Why study breeding systems & sexual strategies?
One answer to this question
was eloquently phrased by D. Lewis and L.K. Crowe in 1956 in the journal Evolution (vol. 10 pg. 115):
To know the breeding system is to know the
genetic architecture of a species;
to know the evolution of a breeding system is to
know how evolution works.
Patterns of genetic diversity within
populations are determined by who mates with whom. And of course, sex is an
integral part of the mating process. Given that males and females can only mate
with the opposite sex, it would seem that they have a distinct disadvantage
relative to hermaphrodites, who can mate with any other sex as a male AND as a
femaleâ or even mate with themselves!
Nevertheless, separate sexed plants have successfully invaded
hermaphroditic populations dozens and dozens of times. In order for them to
have done this, females and males must be able to produce either more or
better-quality offspring. I am interested understanding how this entire process
works. This research will contribute to our fundamental understanding of how
evolution by natural selection works.
Why study plants?
Plants play a critical role in the
maintenance of all ecological systems, providing the energetic basis for food
webs and continuous regulation of atmospheric carbon dioxide and oxygen. We use
them for food, habitat, clothing, fossil fuels, medicines, cosmetics, and many
other day-to-day necessities. We cannot possibly exist without plants.

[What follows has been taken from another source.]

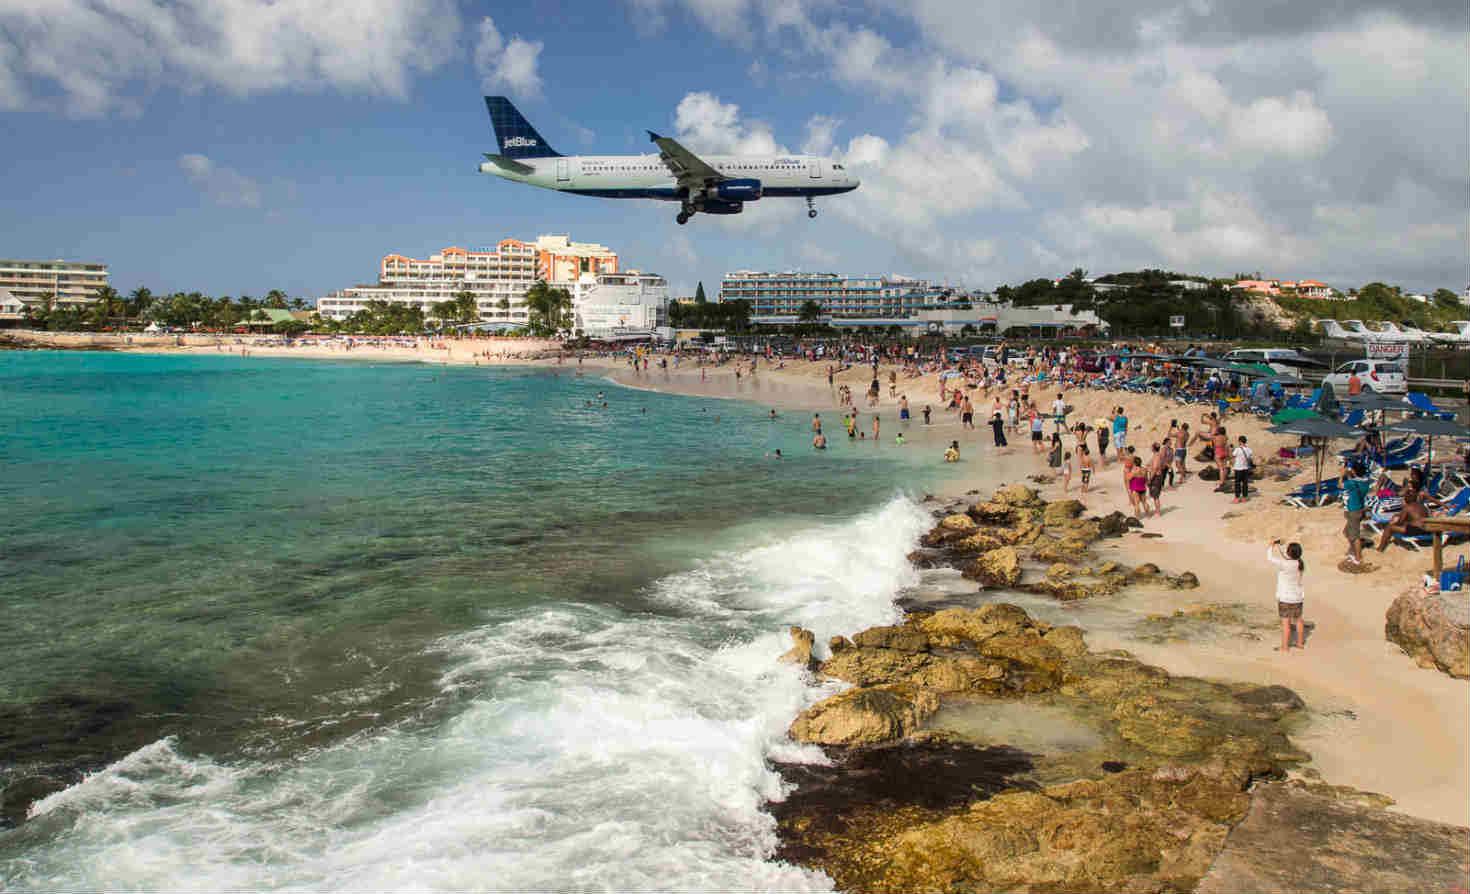 JetBlue plane landing in St. Maarten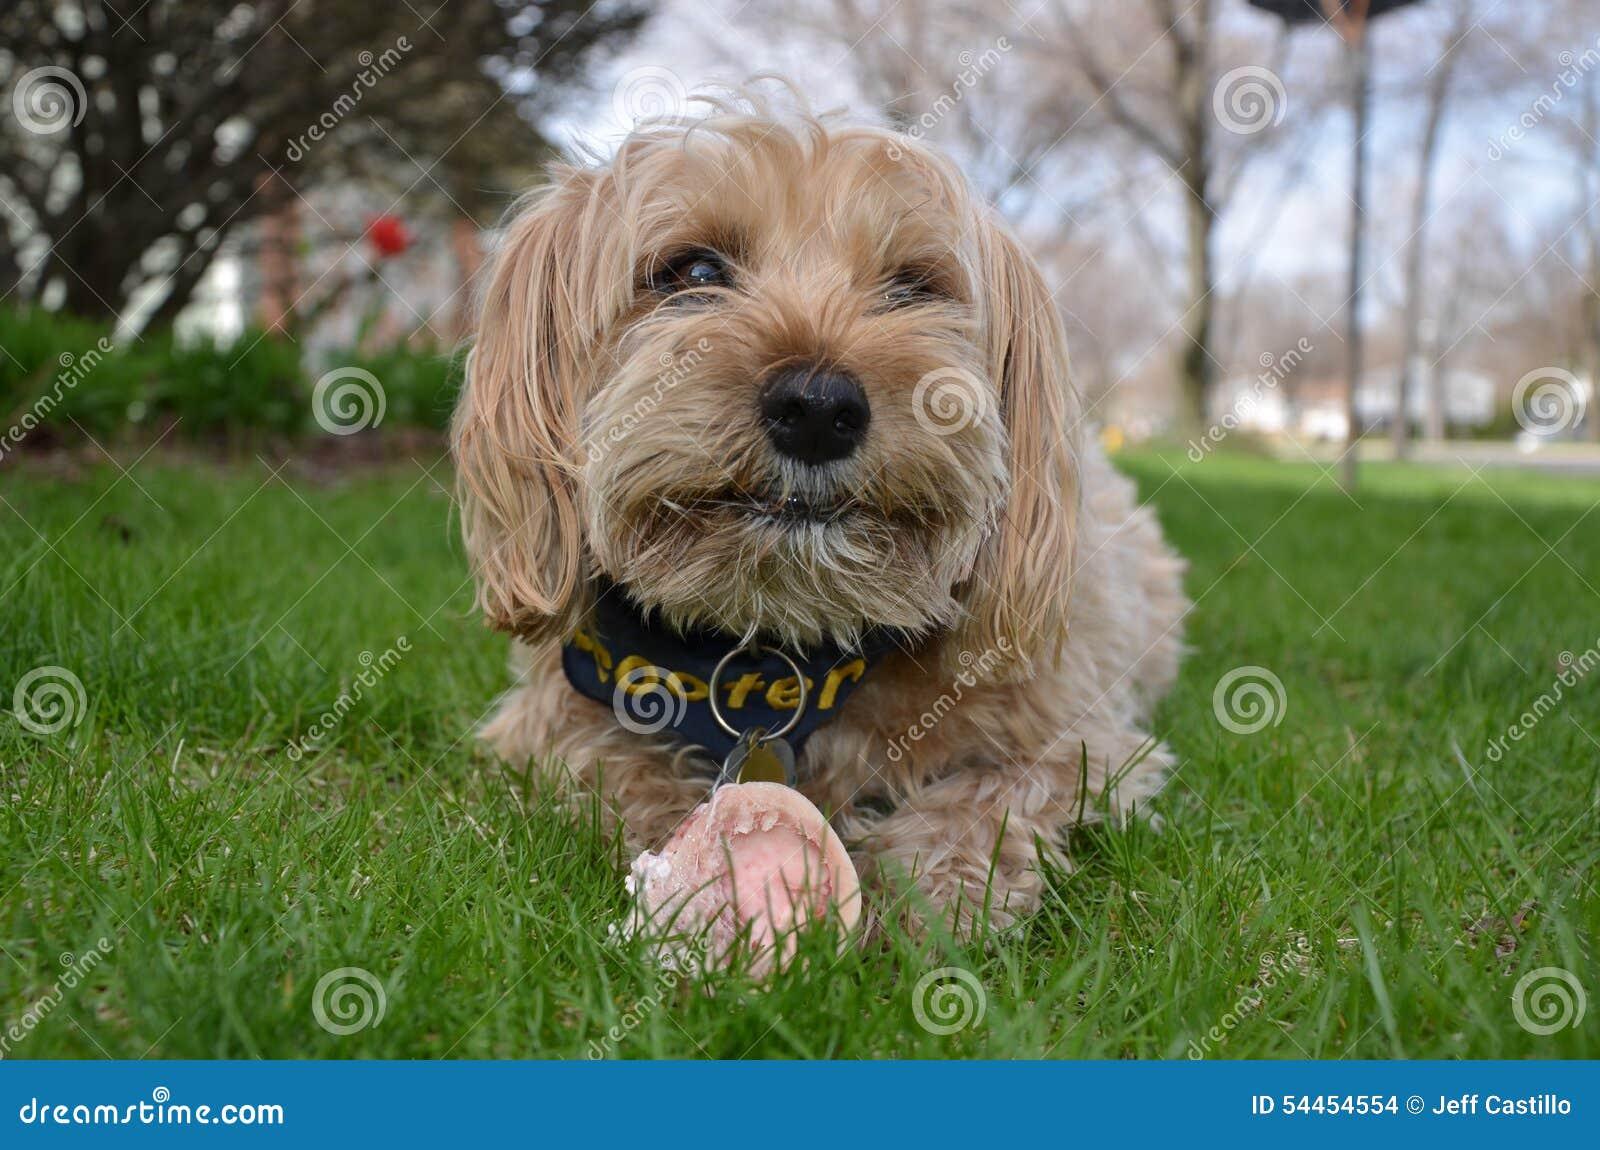 Cute Yorkipoo with bone in grass

Understanding their general reproductive biology will be very important in
preserving plant diversity and ecosystem stability.
The diversity of sexual systems in flowering
plants is simply astonishing, evidenced by the vast array of floral forms in
nature. Because of this variability, plants provide myriad opportunities for
testing hypotheses about the patterns and process of reproductive
evolution. Their sexual strategies are
readily observed in the form and design of floral displays, allowing plant
biologists to gather detailed information relatively easily compared to
animals. Being immobile, they must be highly adaptable to their environments,
and rely on others (i.e., pollinators) to carry out the mating process. Plants are often much more amenable to
manipulative experiments compared to animals.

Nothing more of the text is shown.